7. Y esta vez... ¡nada de horno! Estaciónenlas un rato en la heladera, para que tomen más consistencia, y pónganlas en pirotines así quedan más presentables. ¿Quién aguanta la tentación de probarlas?


viernes, 3 de julio de 2015

Anillos hojaldrados




  • Ponga en un bol 1 y ½ tazas de harina y 200g de manteca fría. Corte hasta reducir a granitos. Agréguele ½ taza de crema. Haga un bollo. Envuélvalo en una bolsita. Reserve 8 horas en frío.
  • Estire la masa, corte la mitad en discos enteros y la otra mitad en anillos. Píntelos con una mezcla de 3 cucharadas de azúcar por 1 de agua. Encime sobre ellos los anillos. Rellene el centro con mermelada. Cocine en horno caliente hasta que crezcan.

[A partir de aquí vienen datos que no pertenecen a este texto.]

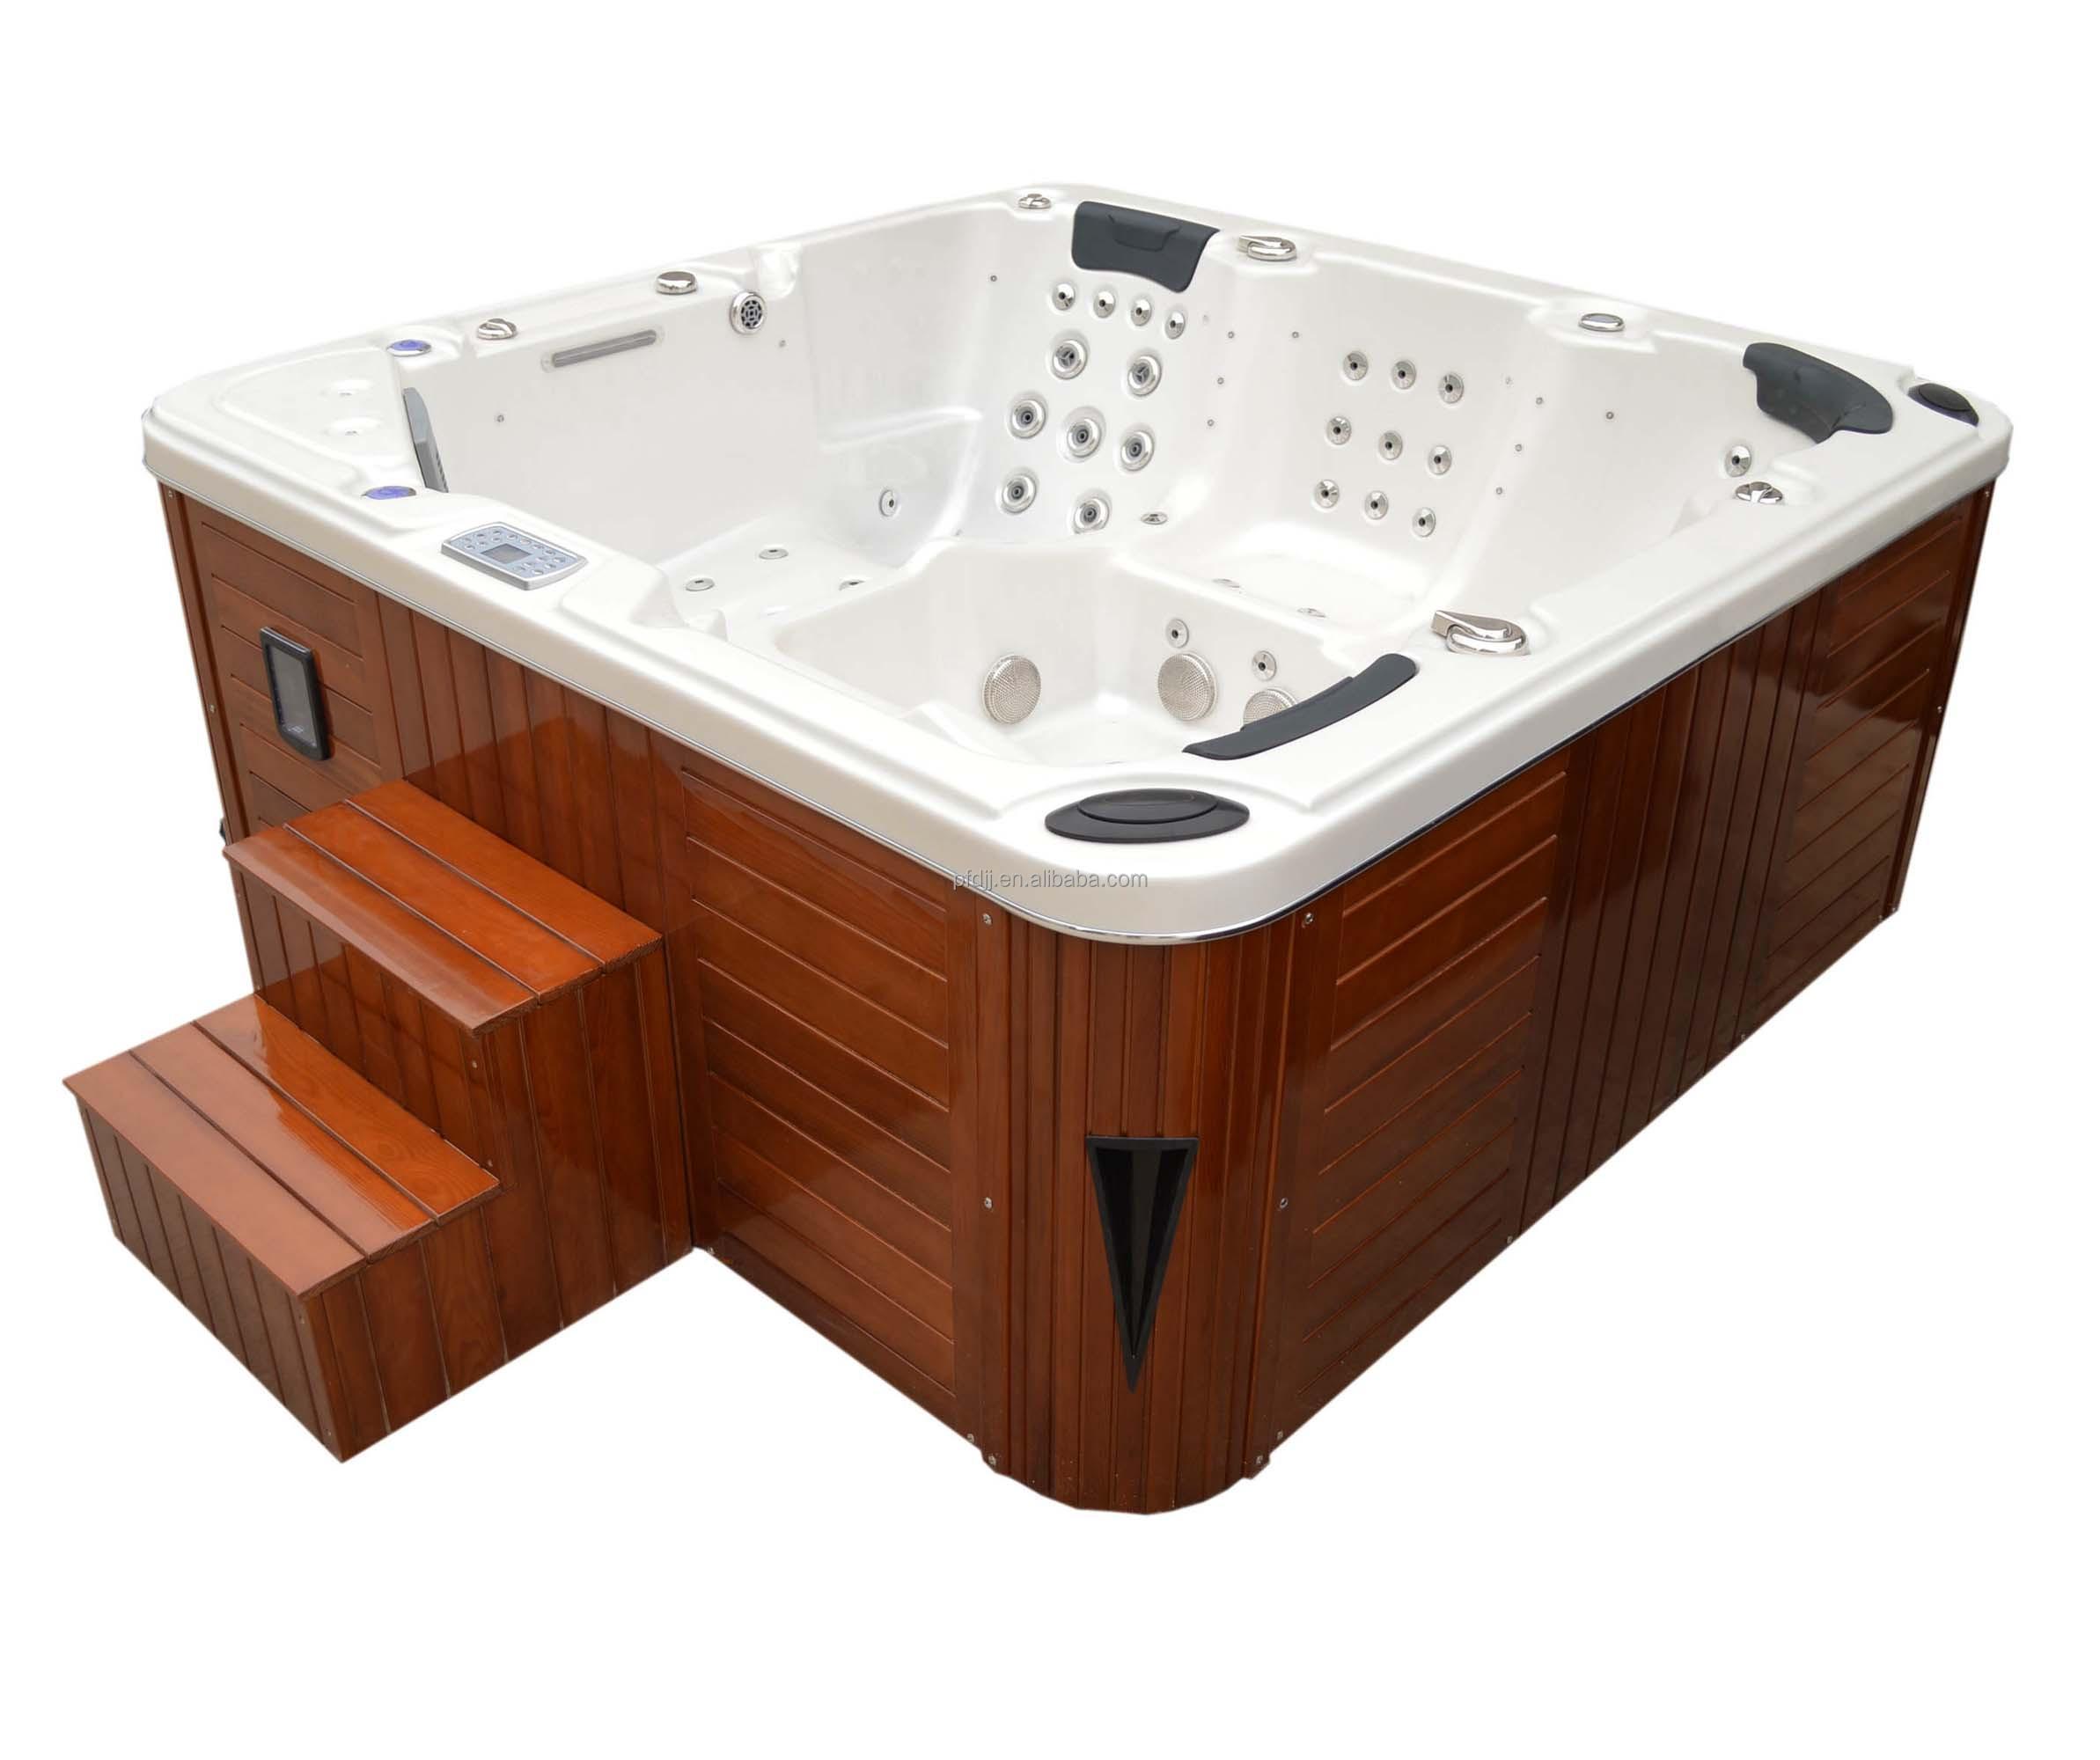 fabrik lieferant acryl 5 personen hydromassage badewanne, acryl, Gartengerate ideen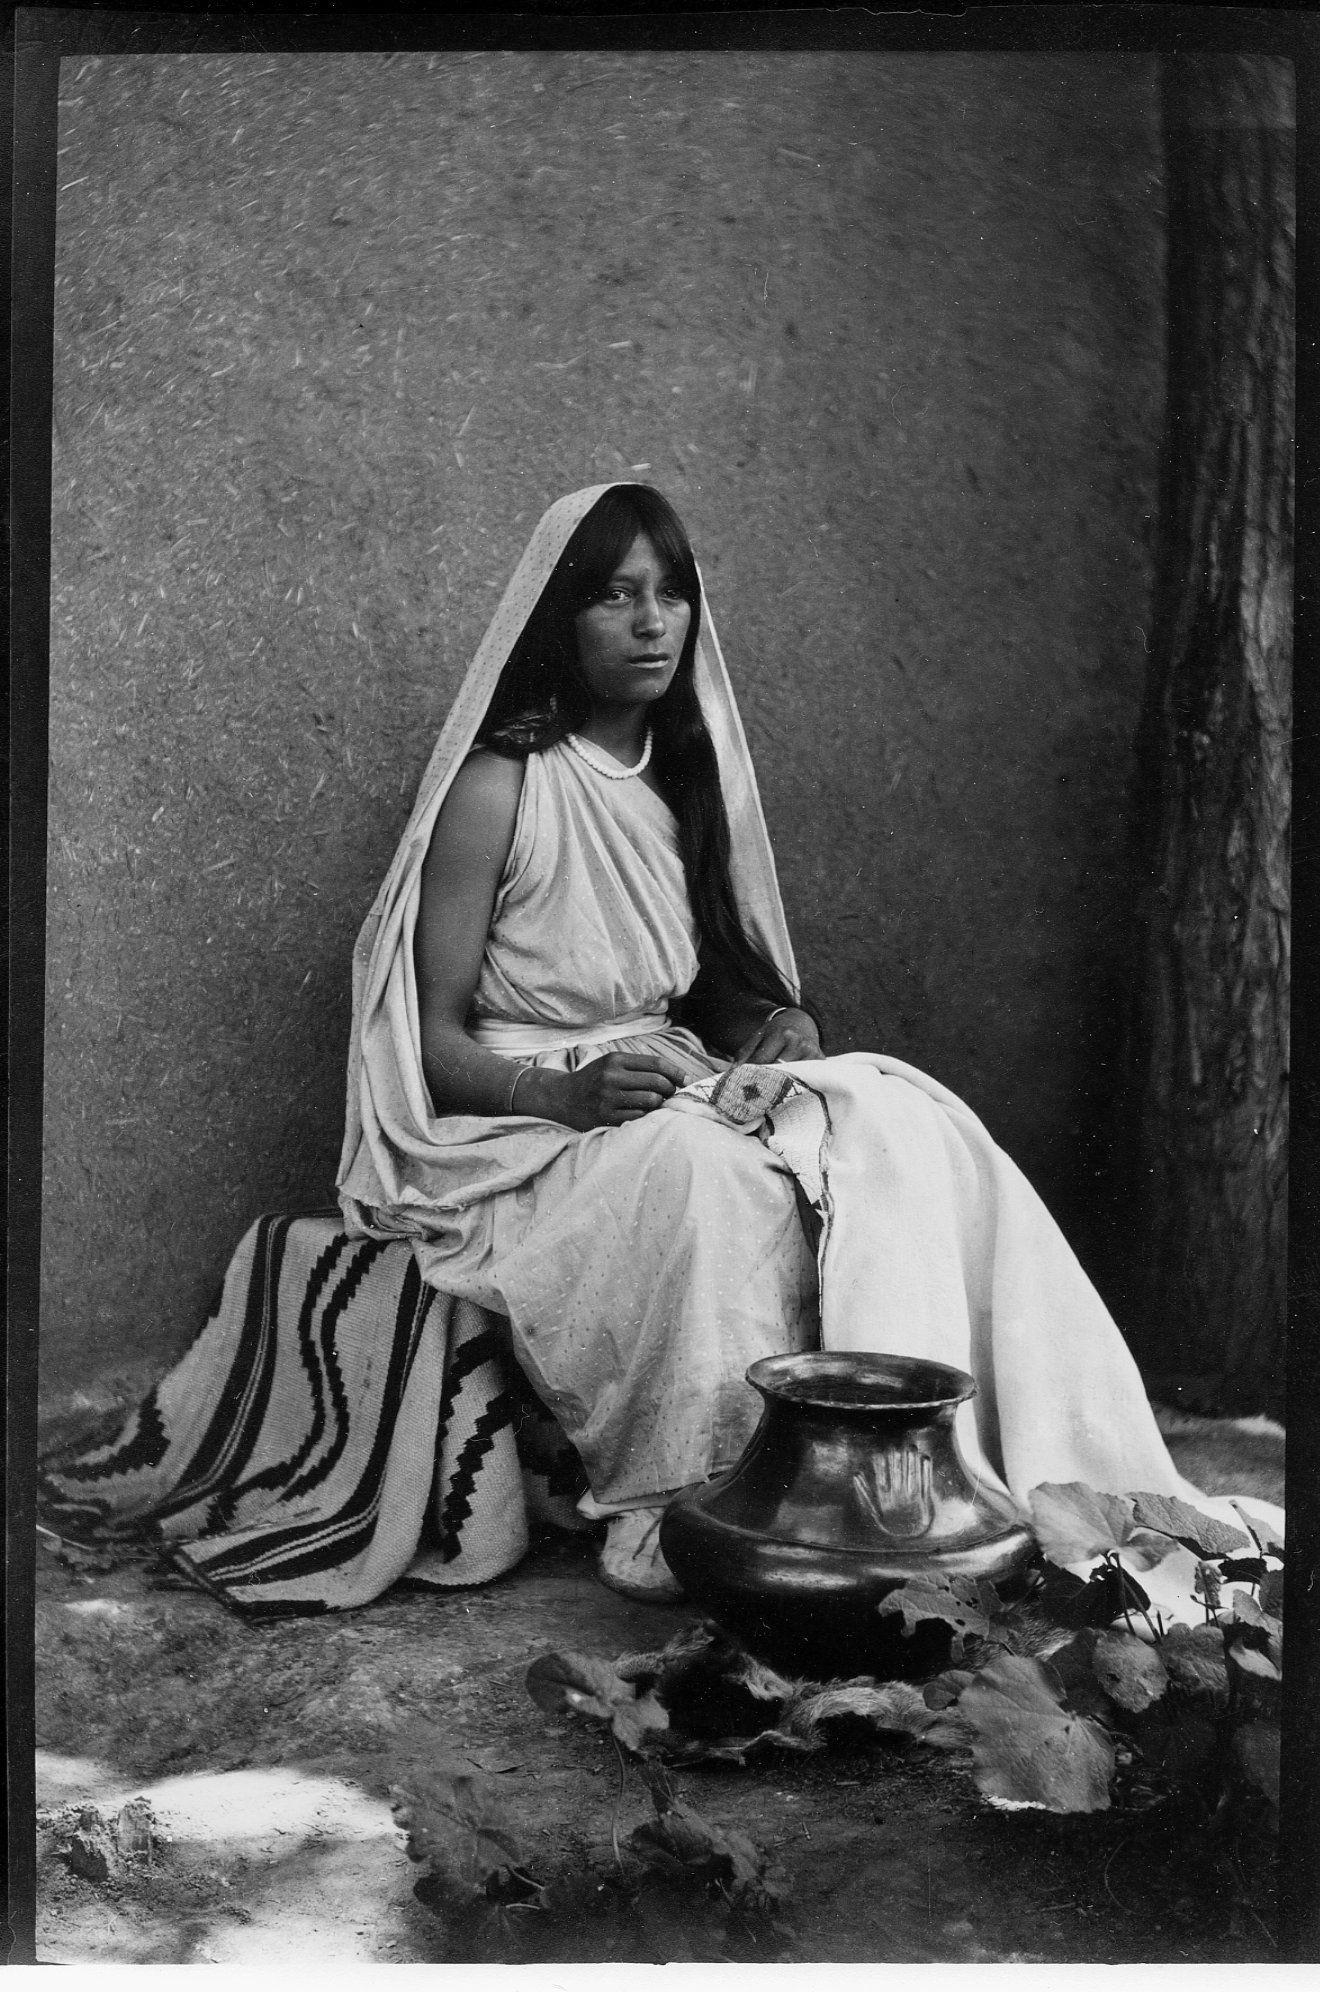 History taos pueblo native american children native

jueves, 2 de julio de 2015

Hamburguesas



Ingredientes:

250 gramos de porotos de soja cocidos (según receta)
extracto de tomates, 1 cucharada
aceite, 1 cucharada
queso rallado, 2 cucharadas
cebolla rallada, 1 cucharada
perejil, orégano y sal, a gusto
galletas de soja molidas, cantidad necesaria

Preparación:

  1. Escurra y procese los porotos hasta obtener una pasta.
  2. Póngalas en un bol y mezcle con el extracto de tomates, el aceite, el queso rallado, la cebolla rallada, el perejil, el orégano y sal.
  3. Agreguele galletas de soja molidas hasta formar una pasta que pueda moldearse.
  4. Tome porciones, aplástelas, dandole forma de hamburguesas y áselas sobre plancha bien caliente, untada con aceite.
  5. Sírvalas con ensalada.

martes, 30 de junio de 2015

Sobre Strudel hay mucho escrito







Y cada fanático quiere tener la última palabra. Pero como bien dijo alguna vez Oscar Wilde: “Es mucho más difícil hablar de una cosa que hacerla”. Por lo tanto, esta vez ni le voy a decir que me dieron una receta distinta a todas, ni tampoco que me contaron el secreto para que cada Strudel salga bien hojaldrado, ni que… ¿Lo hacemos? Prepare una masa uniendo 1 taza de harina con 1/3 de taza de líquido: mitad agua, mitad leche. Y amásela sobre la mesa hasta obtener un bollito bien elástico, que dejará descansar tapado sobre la mesa más o menos una hora para que tome suficiente elasticidad. Así es, señora: ¡y nada de creer que en esta sección trabajamos con un equipo de erratas! Esta masa NO LLEVA NI MANTECA, NI ACEITE, NI VINAGRE, NI NADA MAS QUE LO QUE LE DIJE: harina, agua y leche. (“No creemos sino lo que esperamos, ni esperamos sino lo que creemos” UNAMUNO). ¿Seguimos? Tome el bollo de masa, apóyelo sobre un mantel enharinado y estírelo primero con el palote y luego con los puños cerrados (o la punta de los dedos, lo mismo da), hasta dejarla transparente como un papel de seda. Si los bordes quedaran más gruesos, ¡córtelos y listo! (“Muerto el perro, se acabó la rabia” LA PERRERA). Ahora, sí: preste mucha atención. Derrita 100 gramos de manteca y unte con ella, generosamente, toda la masa estirada. Luego extienda el relleno que prefiera (yo usé 3 manzanas cortadas en rodajas transparentes, espolvoreadas con abundante azúcar, 1 taza de nueces trituradas y un puñado de pasas sin semillas más un poco de canela) SÓLO SOBRE 1/3 DE LA SUPERFICIE DE LA MASA. Arrolle como si se tratara de un pionono y, apenas llegue a la General Paz (donde se termina el relleno) ayúdese con el mantel para hacerle dar al arrollado unas cuantas vueltas de masa simple. De este modo, las capas exteriores del Strudel quedarán crocantes, como si fueran hojaldradas. De otro modo, la humedad del relleno impediría totalmente este efecto. Paso final: cortar en porciones sensatas, acomodarlas sobre una placa enmantecada y enharinada y cocinar en HORNO MODERADO, para dar tiempo a que el relleno se cocine y las capas de masa queden bien sequitas. ¿Qué sería de mi si el Destino y el Club Náutico de Quilmes no hubiera puesto en mi camino toda la generosidad de Hungría para contarle esta fórmula?